TASK STATEMENT: Return the entries below in their exact form, leaving the pictures out.

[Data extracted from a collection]
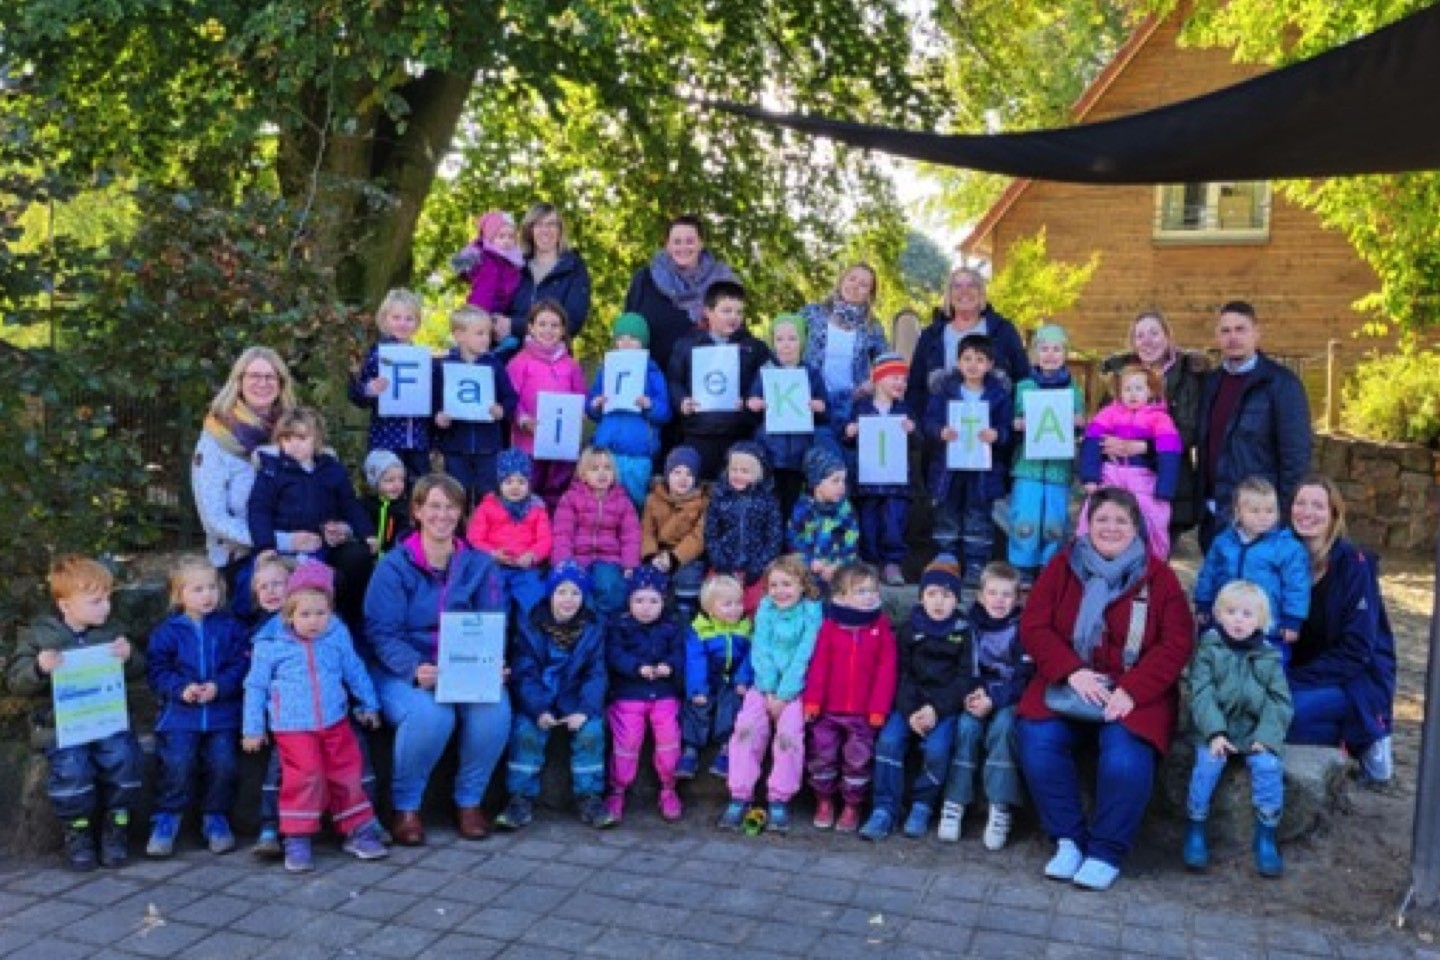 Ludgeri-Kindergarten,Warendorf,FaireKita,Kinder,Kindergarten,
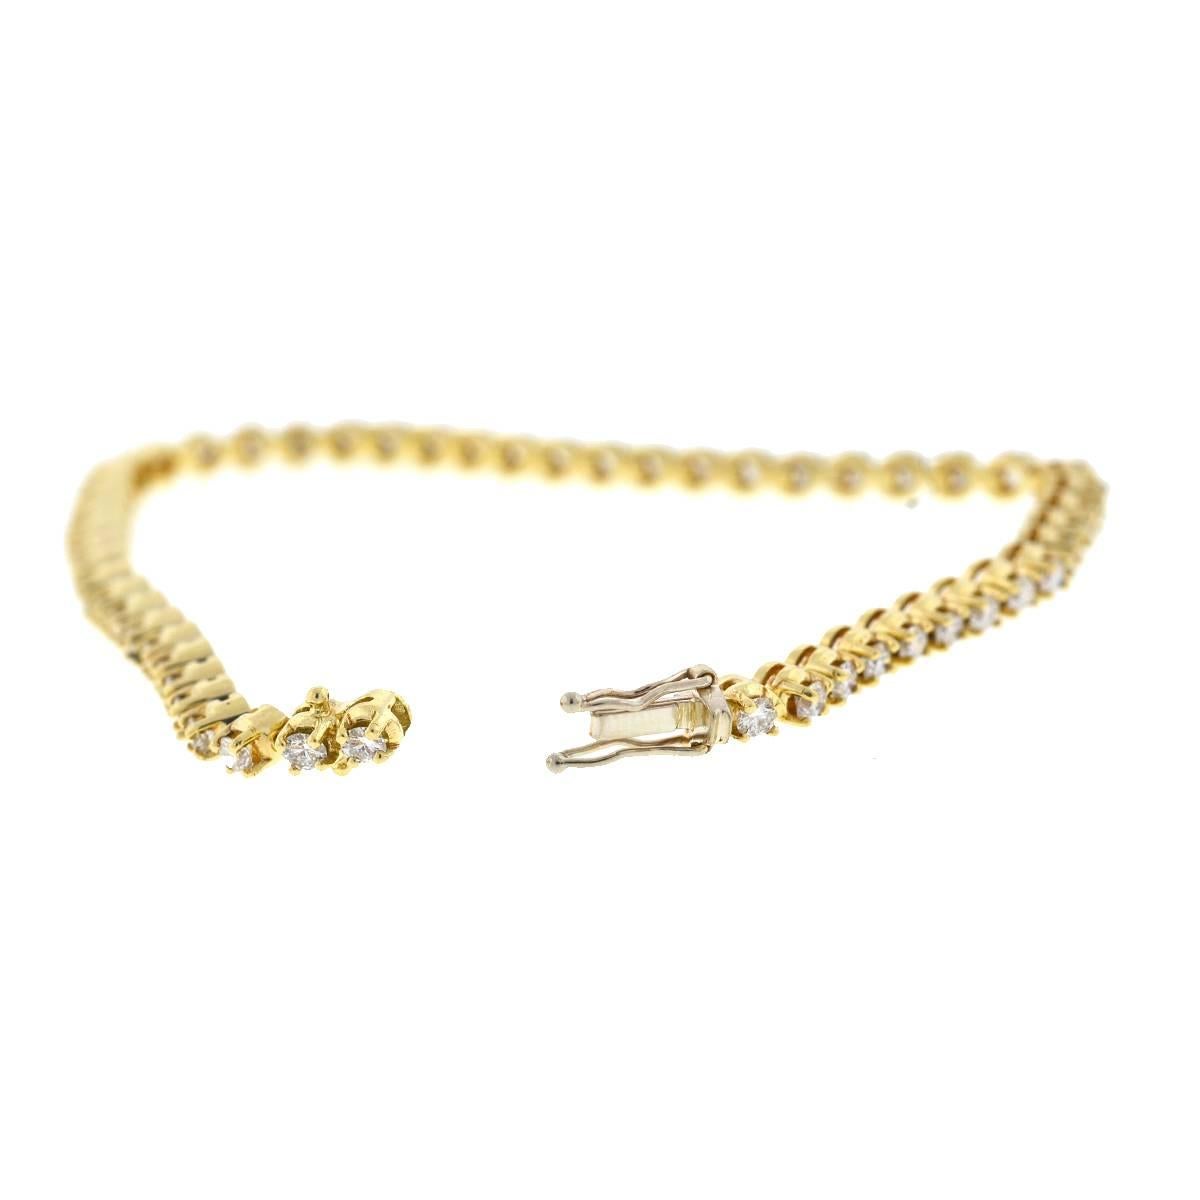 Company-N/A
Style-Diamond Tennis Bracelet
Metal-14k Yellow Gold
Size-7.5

EXERCISE SOLUTION:
 Ludgeri-Kindergarten,Warendorf,FaireKita,Kinder,Kindergarten,
 Company-N/A
Style-Diamond Tennis Bracelet
Metal-14k Yellow Gold
Size-7.5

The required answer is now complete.